I (and most of you) have read the hilarious exchanges on the various forums that allege subtle differences in viewing content on Blu-ray versus standard DVD. These folks should either be rushed to the nearest Lens Crafters for emergency care or be made to realize that they may NOT see a huge difference if they are basing their observations on one of the new crop of $99 BD players connected to a $500 LCD panel with a $14 HDMI cable. All things in balance, folks. On a reference system, or even one a cut or two below in quality, the difference between BD and DVD (audio OR video) is larger than the number of mugs on facebook.
5. “Hold on! Don’t buy anything. 4K is coming”.
We are speaking, of course, of 4,096 lines of vertical resolution (Uber-HD), starting to be touted in a few places. Well, so what. Any content that exists in this format, for now and for the next few years, will likely be prohibitively expensive to get to your living room – never mind the four-times-normal Studio paranoia that will have to be overcome. Unless your screen is larger than any interior wall that I have ever seen, the improvement in image quality per incremental dollar spent is simply a bad bet for now. There is so much high quality 1080 available today, if you wait for 4K, you’ll never catch up!
6. Color Space. “We have 130% more colors”

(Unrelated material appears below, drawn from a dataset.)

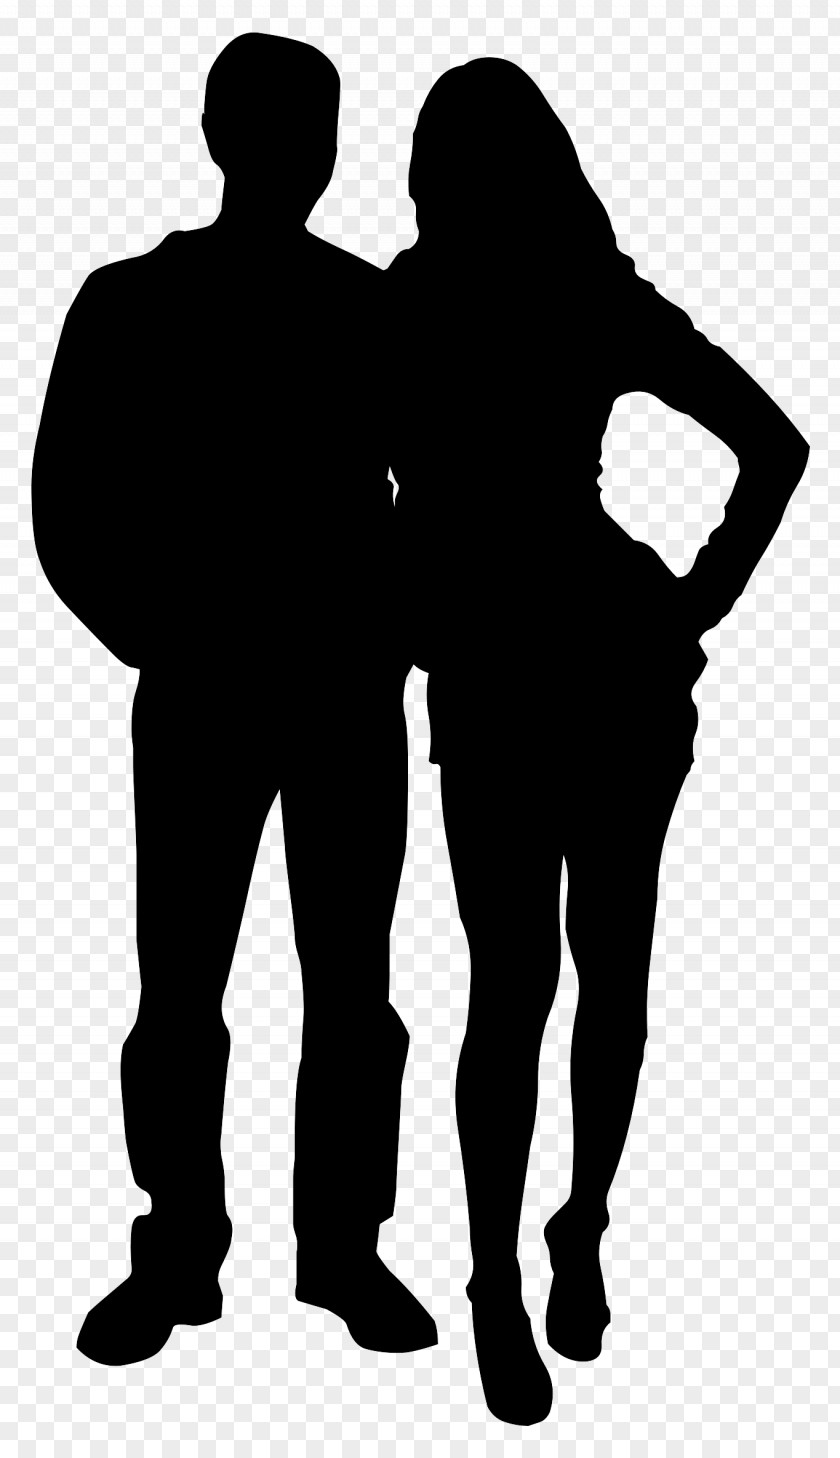 Silhouettes Couple Actor Silhouette Significant Other Love PNG

Yeah, I know. I hit this one pretty hard last month, but it remains a huge marketing “distortion”, and therefore deserves another mention under this month’s topic. There is only one correct color space for the vast majority of what we currently watch – High Definition television and Blu-ray movies. It is NOT as wide as it can be. Technically it’s called rec. 709 and it has very specific places for Red, Green and Blue which define the palette upon which everything we watch is drawn. Over-saturation is as offensive to some as bad de-interlacing or blatant motion artifacts. Unless it can be “fixed” with one button on the remote, sets that feature “larger gamut” are worth less than those that don’t.
As long as consumer electronics companies employ marketing departments, we are destined to be bombarded with “questionable” features, specifications and rhetoric. Our only real defense is to read, question and relentlessly seek out the Truth.
Diogenes, where are you when we really need you?